Apy lands visit

ABORIGINAL LANDS PARLIAMENTARY STANDING COMMITTEE: APY LANDS VISIT

Mr DULUK (Waite) (11:25): I will not take up too much of the house's time, but I echo many of the words the member for Narungga has put on the record as well, of course, as the member for Giles. It was my first time up in the APY lands and it is a most magnificent and beautiful part of South Australia. The vastness is incredible and, obviously, the cultural history of thousands of years is magnificent.

The way they play footy up there is very different, and I note the Premier was up there recently as well having a look around and was at one of the footy games. I think it was when we were in Amata, if I am correct, that we had a look at the footy oval—absolutely pure red dirt with a white line and people out there having a kick and catch. It was a long way away from Bob Neil No. 1, which is, of course, University Oval No. 1, in terms of a footy oval, but it is a truly remarkable part of South Australia with fantastic people. Everyone we met on the trip was extremely hospitable, and they opened up and were very welcoming of the committee—of course, a bipartisan committee—which was fantastic.

As the members for Giles and Narungga both highlighted in their contributions, it is a part of South Australia that is not without many, many challenges. Employment is certainly a huge issue, as is the tyranny of distance in terms of employment. Places like the trade centre, with the work they do there, are a fantastic investment by government in terms of assisting people with employment. However, employment, health and education are the three biggest issues up there.

When we were in Mimili, we looked at the school community there and some of the teaching methodology on the lands, accounting for the vastness and the cultural and linguistic differences, which are real challenges up there. As both my colleagues have commented, there is an issue of continuity of people working in the health profession and people working in the education sector on the lands and as a government and a service provider of education we are, as we should be, ensuring that continuity of teaching and that relationship building over a period of time with people on the lands.

From a bureaucracy point of view, the more we can do, especially in the education space, is fundamentally and critically important in ensuring we can lift completion rates of students on the land. There is also the ability to share the importance of education, and it is interesting to see what Noel Pearson is doing in his Cape York Institute. It is very much a change in teaching methodology in Cape York, really going back to the basics of the 3Rs that is central to the Cape York Institute's thinking on education at the moment. We are seeing success in completion rates by students in Cape York in Far North Queensland, and I would be very keen to see if there are any similarities that can be drawn out for the APY lands and, indeed, for all remote schools across South Australia more broadly.

Another big concern on the APY lands is health. Access to health care is important, obviously in dealing with some long-term trauma historically around substance abuse and sexual abuse, which are still concerns to many right across South Australia, but in particular on the lands.

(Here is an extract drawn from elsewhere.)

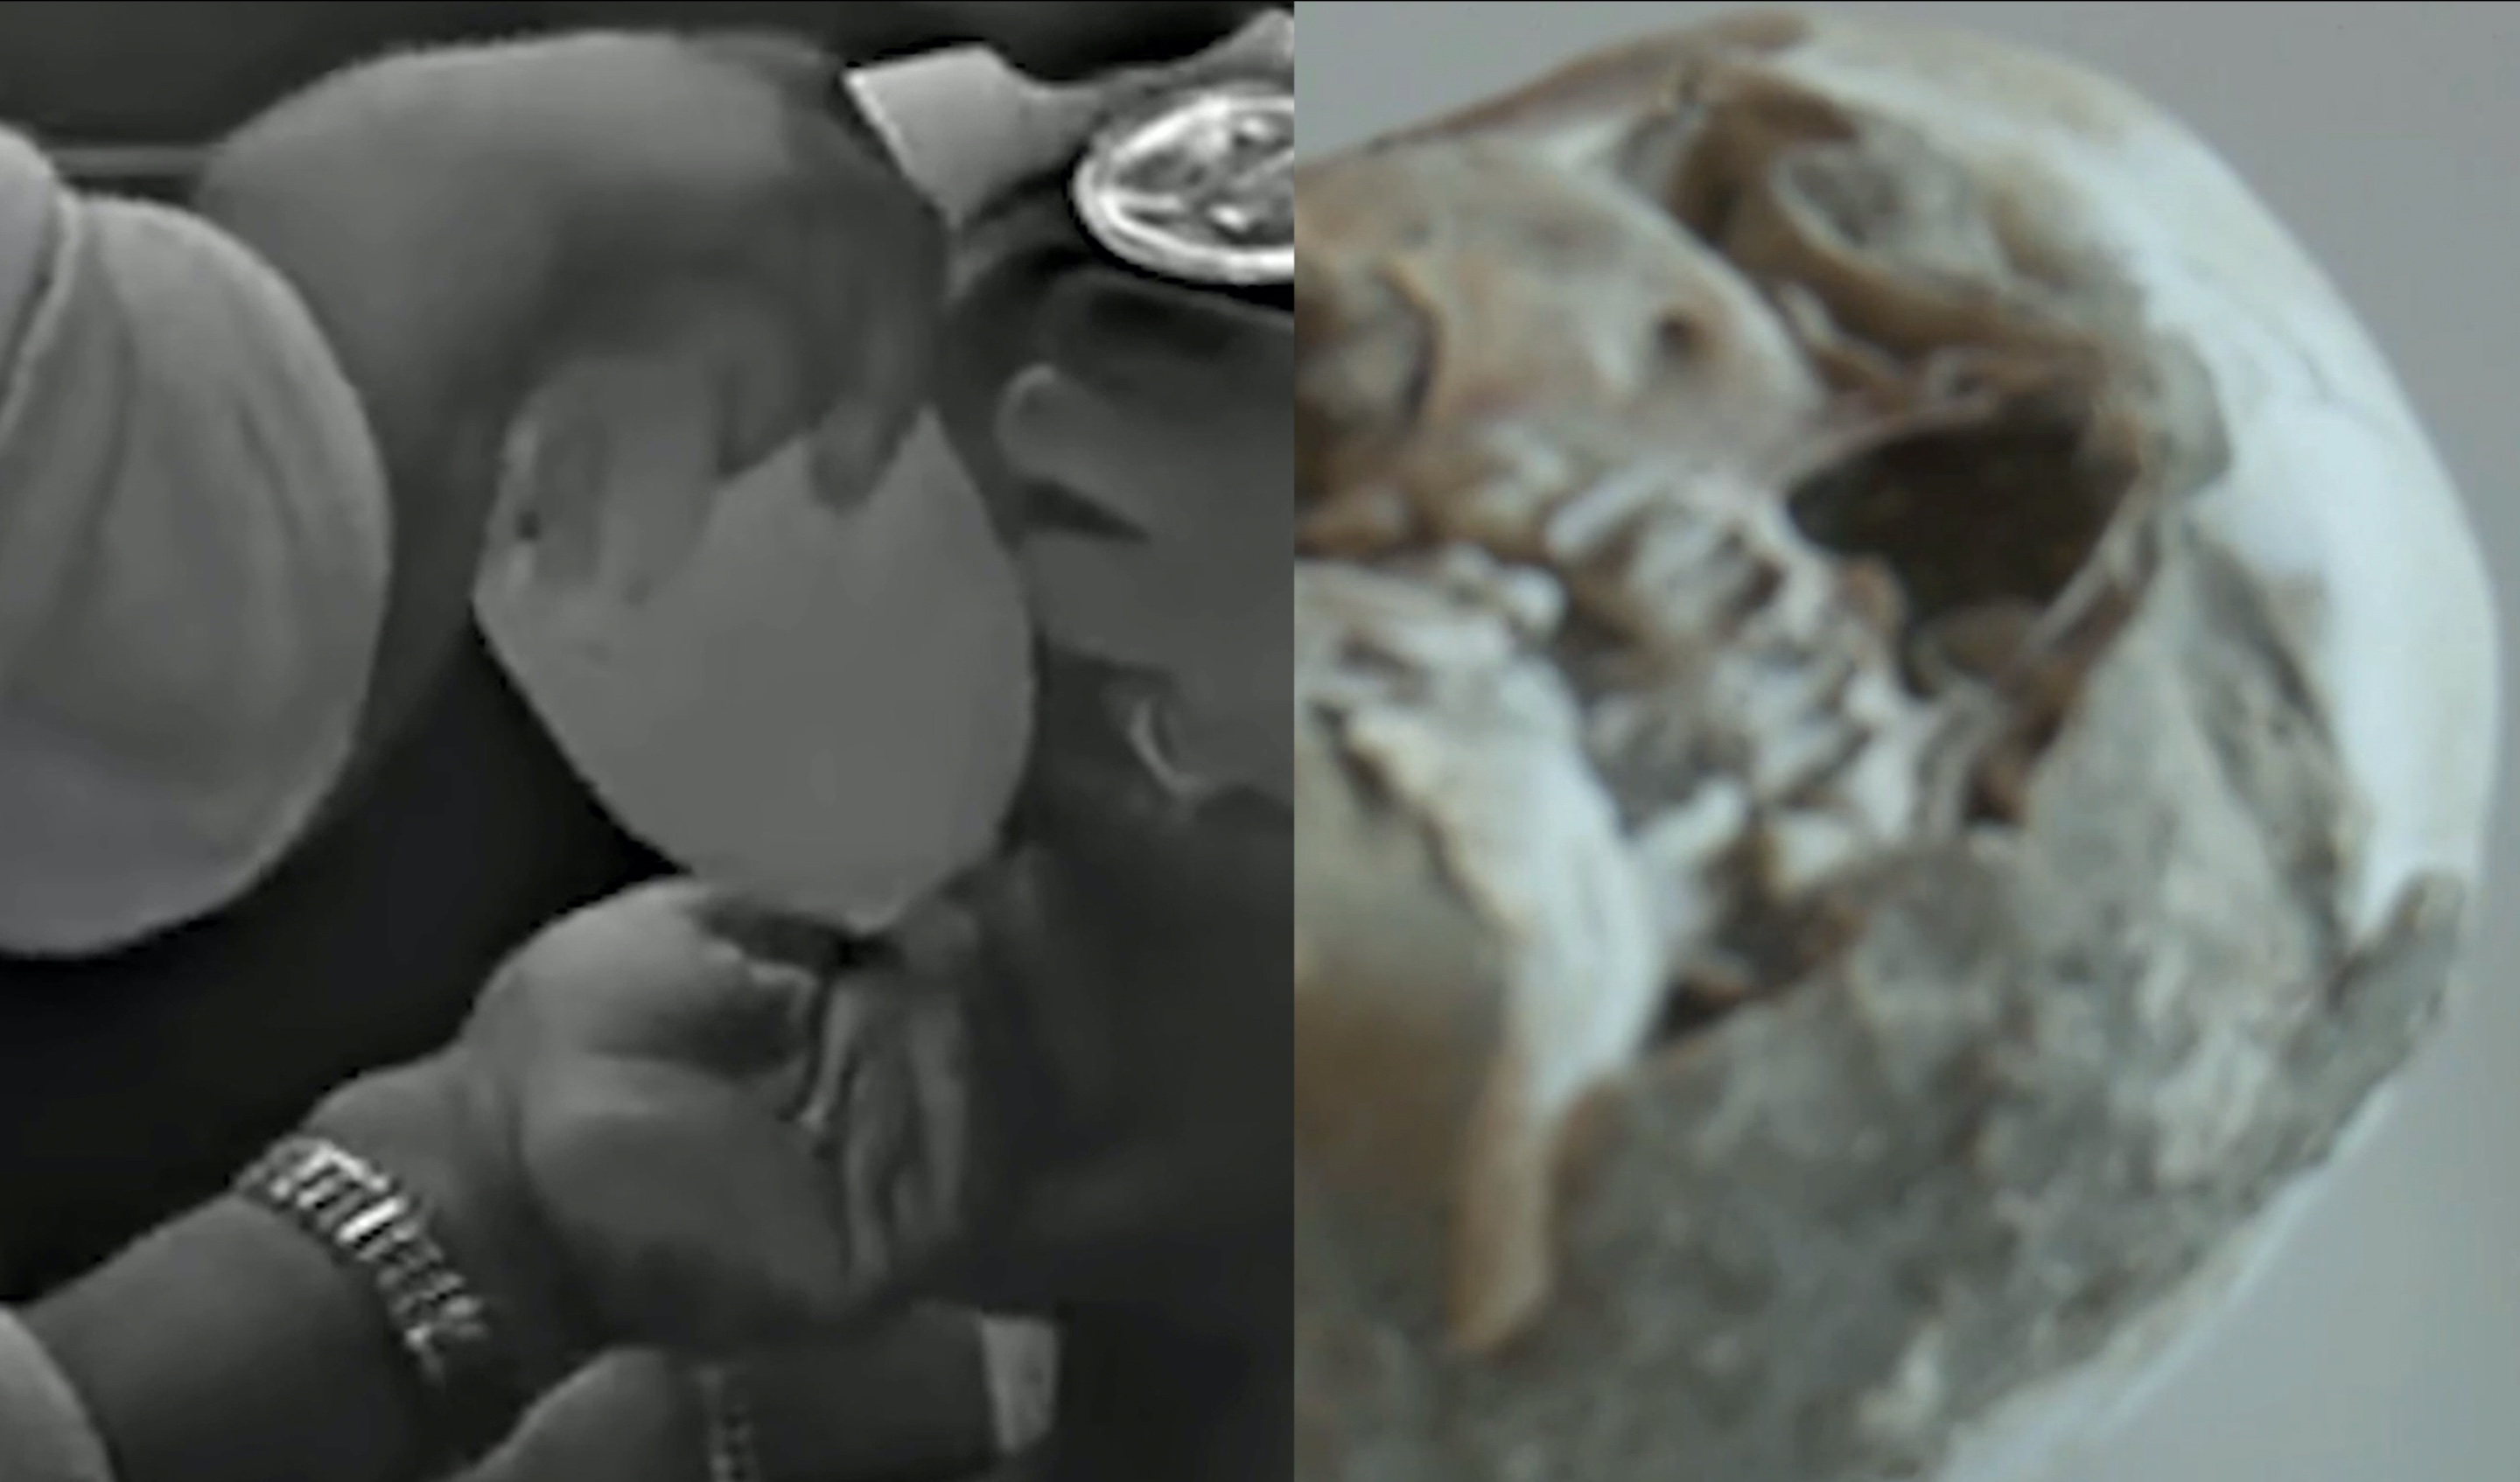 Zwei verpixelte Bilder in Grautönen, links Hände, rechts ein Schädel.

That was certainly mentioned by many people to us, especially by some traditional owners, traditional elders and many of the women we spoke to as well. It is very much an important issue and it is one we have to deal with as a society because, as always, looking after those who are vulnerable is paramount to all.

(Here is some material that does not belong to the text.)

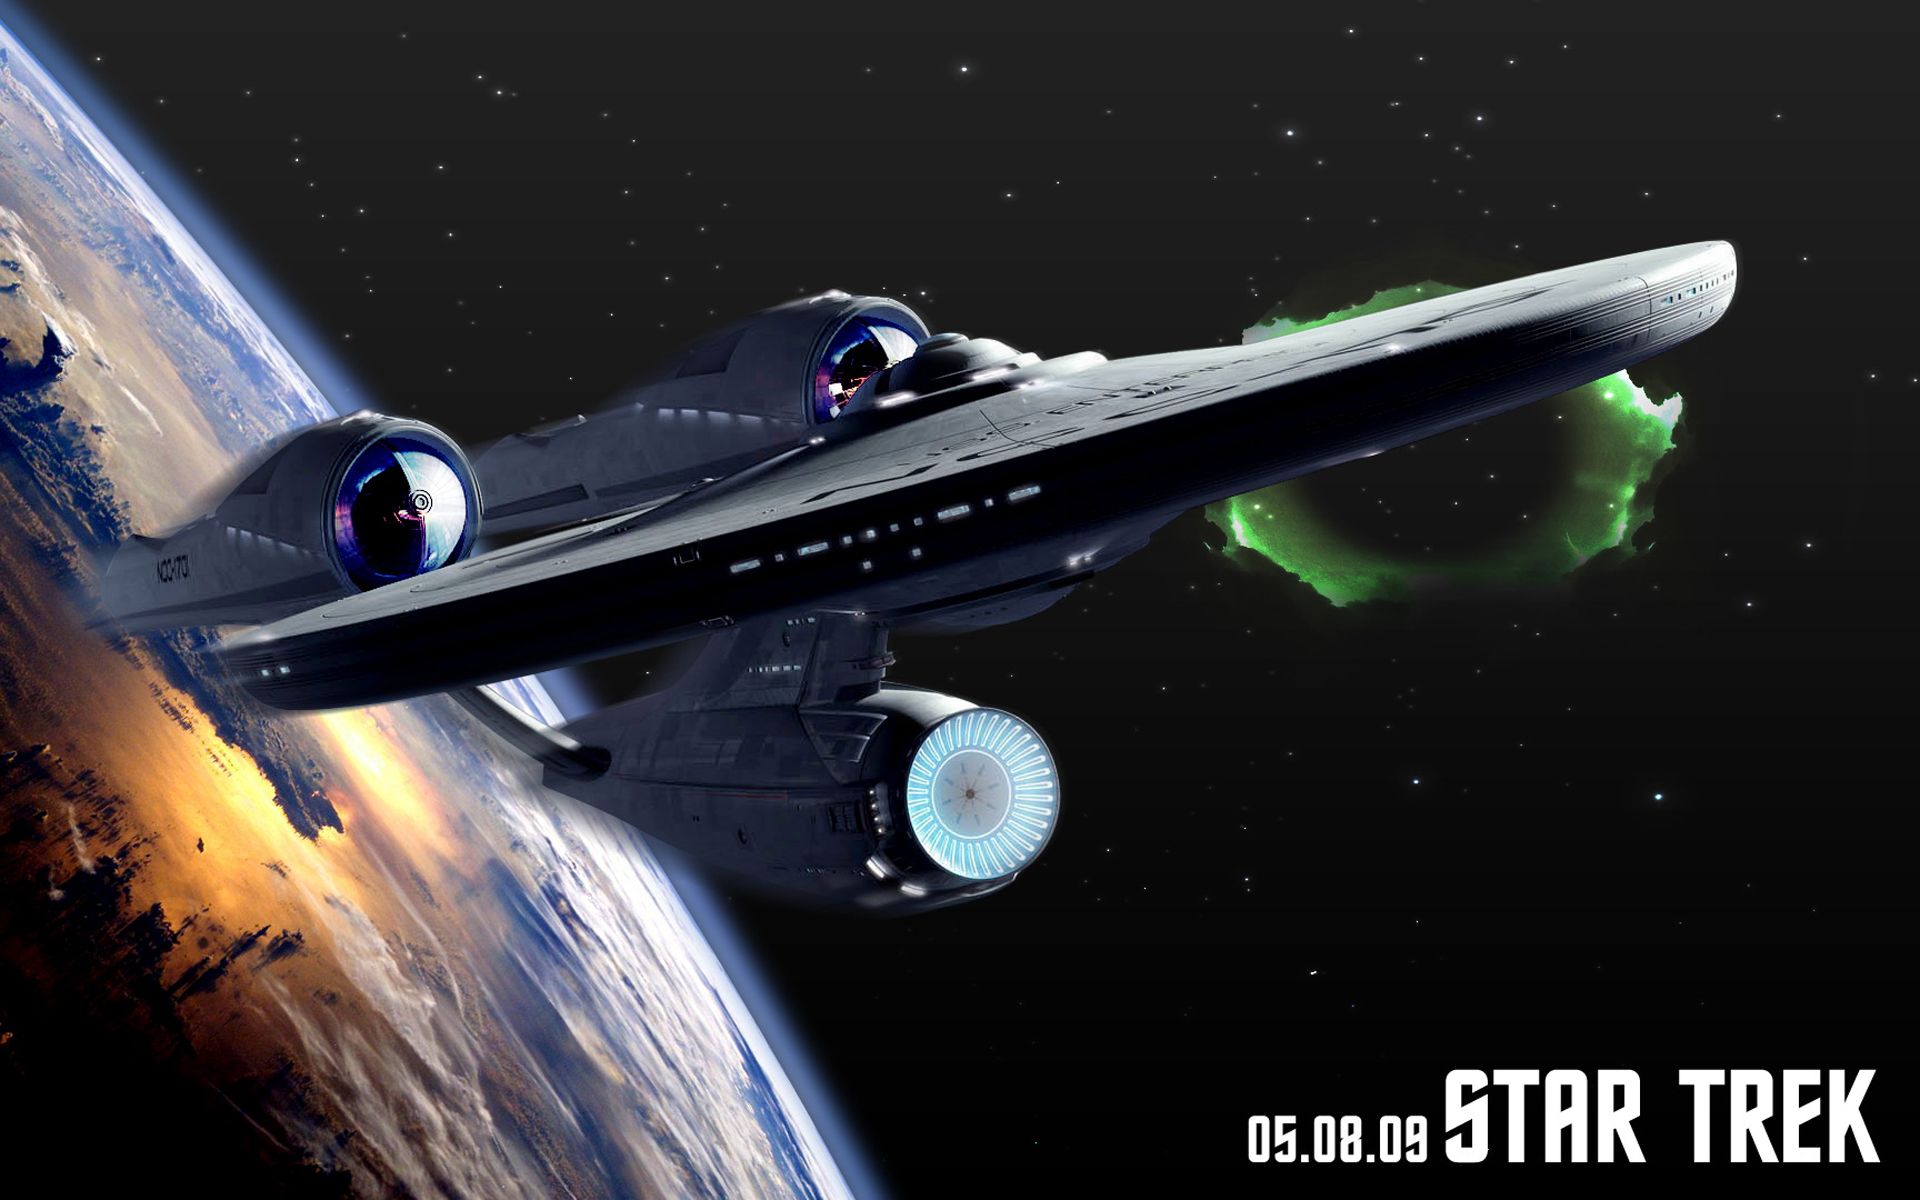 Star Trek Uss Enterprise Wallpaper

Some of the other great highlights on the trip were, as the member for Giles reflected on, looking at the art centres and the fantastic export of art from the APY lands, not only into Australia—and there is an APY gallery on Light Square—but internationally as well by those world renowned artists. It was a fantastic trip to the APY lands. I encourage all members of the house, if they have a chance, to go up there to learn about the culture and that beautiful part of South Australia, but also so that we can educate ourselves about the many challenges that are faced up there and how together as a parliament and a government we can address many of the challenges that are before us.